Other human-rights officials in Afghanistan also expressed urgency about releasing the report.
“There are lots of examples where a report like this was an important first step to bringing justice for the victims,” said Heather Barr, head of the Human Rights Watch office in Afghanistan. “It does put pressure on people who are named; it leads at least to marginalizing them.”
The volatility of the accusations was on full display in April, when a well-established but small political bloc, the Afghanistan Solidarity Party, held a demonstration against what it said were war criminals in government. “For us there is no difference between the Taliban and these war criminals,” said Hafizullah Rasikh, a party spokesman. “They are like twin brothers.”
Parliament responded with a declaration accusing the party of treason and demanding its disbandment.
A former mujahedeen commander, Abdul Hafiz Mansoor, who is now an editor of a weekly publication called Mujahed, did not deny that many atrocities took place, on all sides.
“One cannot make war with rosewater,” he said, referring to a popular ingredient in sweets and perfumes here. “If this war and all these killings were so bad, then why aren’t we putting their international backers on trial?

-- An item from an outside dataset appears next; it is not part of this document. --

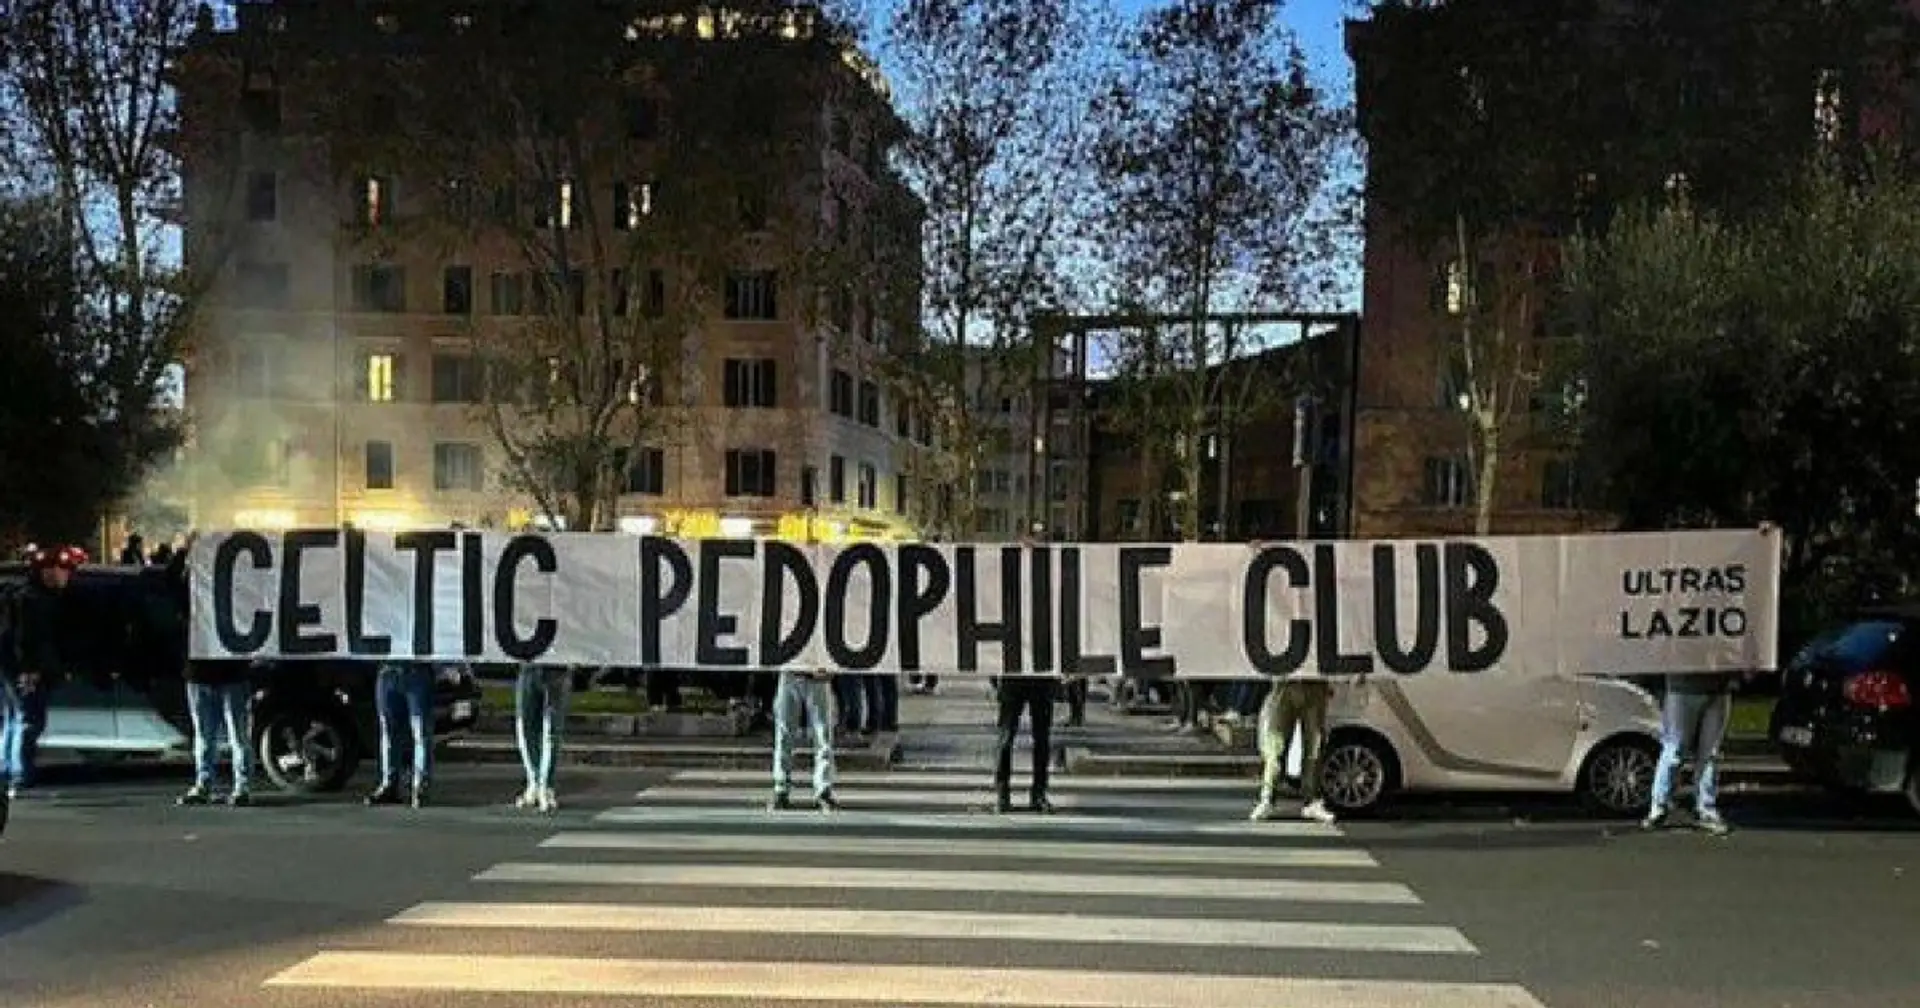 "Celtic ist ein pädophiler Verein": Die gruselige Geschichte hinter dem Lazio-Banner

If we talk about violation of human rights, we should accuse the U.N. special representative for Afghanistan, who supported the mujahedeen at the time and now calls them warlords. Or President Ronald Reagan, who provided these warlords and human rights violators with Stinger missiles.”
The American Embassy here has been another source of objection to the mass-graves report. American officials say releasing the report would be a bad idea, at least until after Afghanistan’s 2014 presidential election — which is also when the NATO combat withdrawal should be complete. “I have to tell you frankly on the mapping thing, when I first learned about it, it scared me,” said a senior American official, speaking on condition of anonymity as a matter of embassy policy. “There will be a time for it, but I’m not persuaded this is the time.”

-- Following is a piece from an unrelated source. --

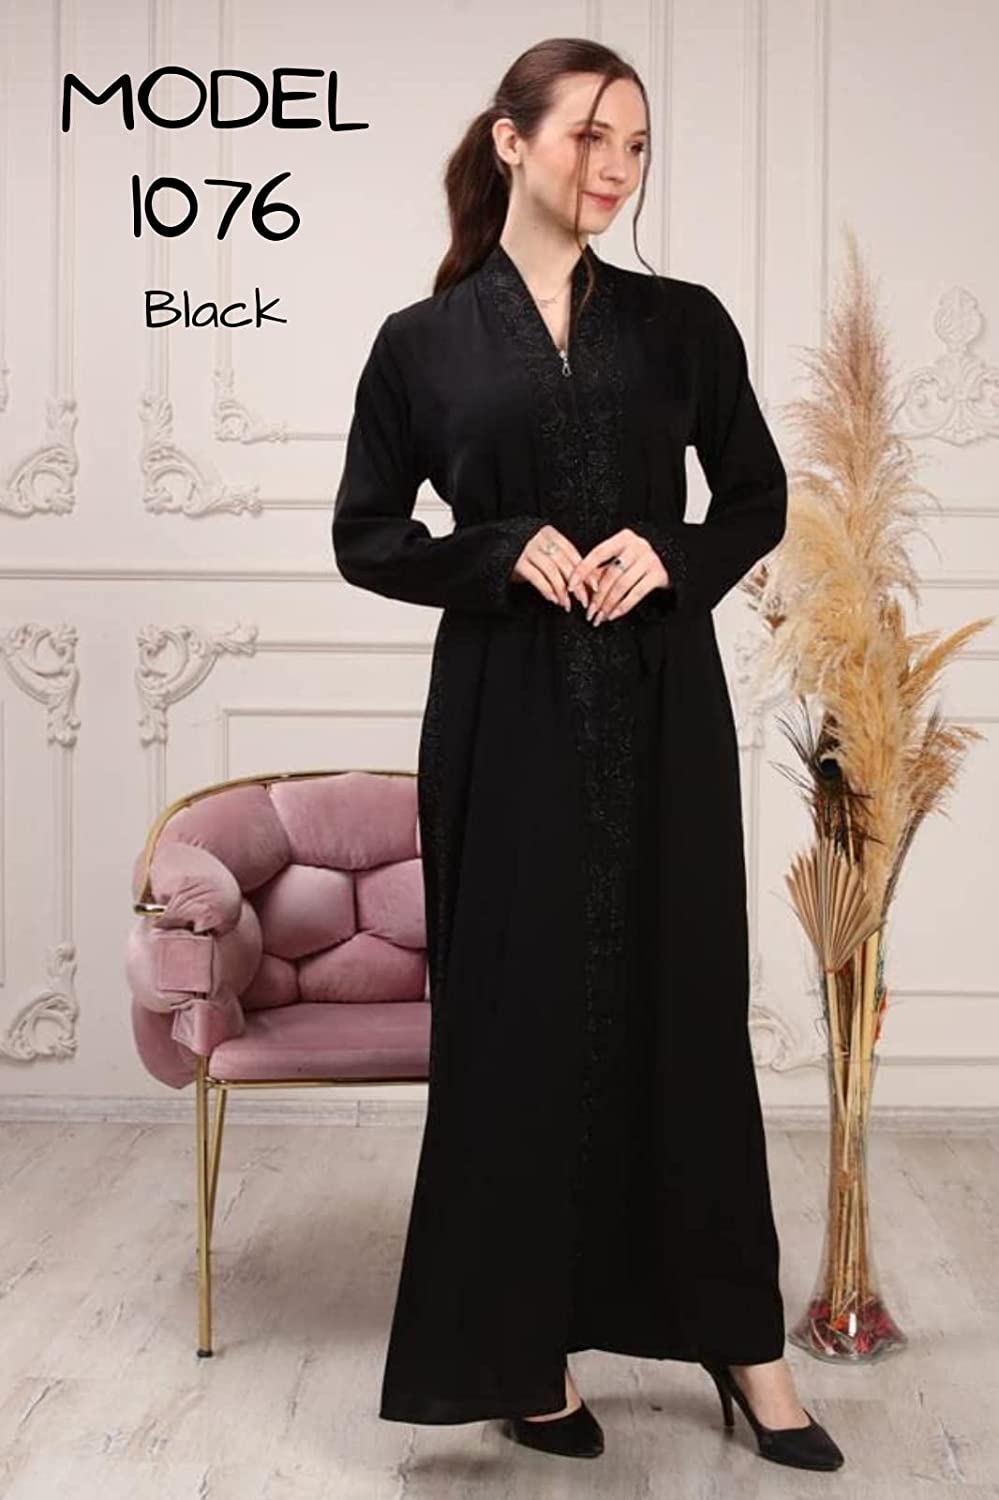 Marwa Fashion Abayas for Women Muslim - Comfortable Arabic Abaya Made from Nada Dubai/Forsan Silk with Beautiful Embroidery

“It’s going to reopen all the old wounds,” the official said, noting that several men who were bitter rivals during the civil war were at least nominally working together in the government now.
For its part, the United Nations has supported release of the report. “The U.N. position has always been that such reports should always be released publicly,” said Georgette Gagnon, the top human rights officer for the United Nations mission in Afghanistan. “But it’s up to the commission and we would support whatever they decide to do.”
Of the 180 graves documented in the report, only one has so far been exhumed forensically because the Afghan authorities lack the facilities to carry out DNA testing and the sort of scientific identification of remains that was done systematically in Bosnia.
That one was a grave on the grounds of the Interior Ministry in Kabul, according to M. Ashraf Bakhteyari, head of the Forensic Science Organization, a foreign-trained group that carried out the exhumation. Mr. Bakhteyari said he was ordered by the Interior Ministry not to divulge who the victims were. “It is classified information,” he said.
He is frank, though, about the prospects for investigating the rest of Afghanistan’s mass graves. “It is impossible to prosecute those who are responsible for the mass graves,” Mr. Bakhteyari said. “Neither the international community nor the Afghan government have the will to do that.”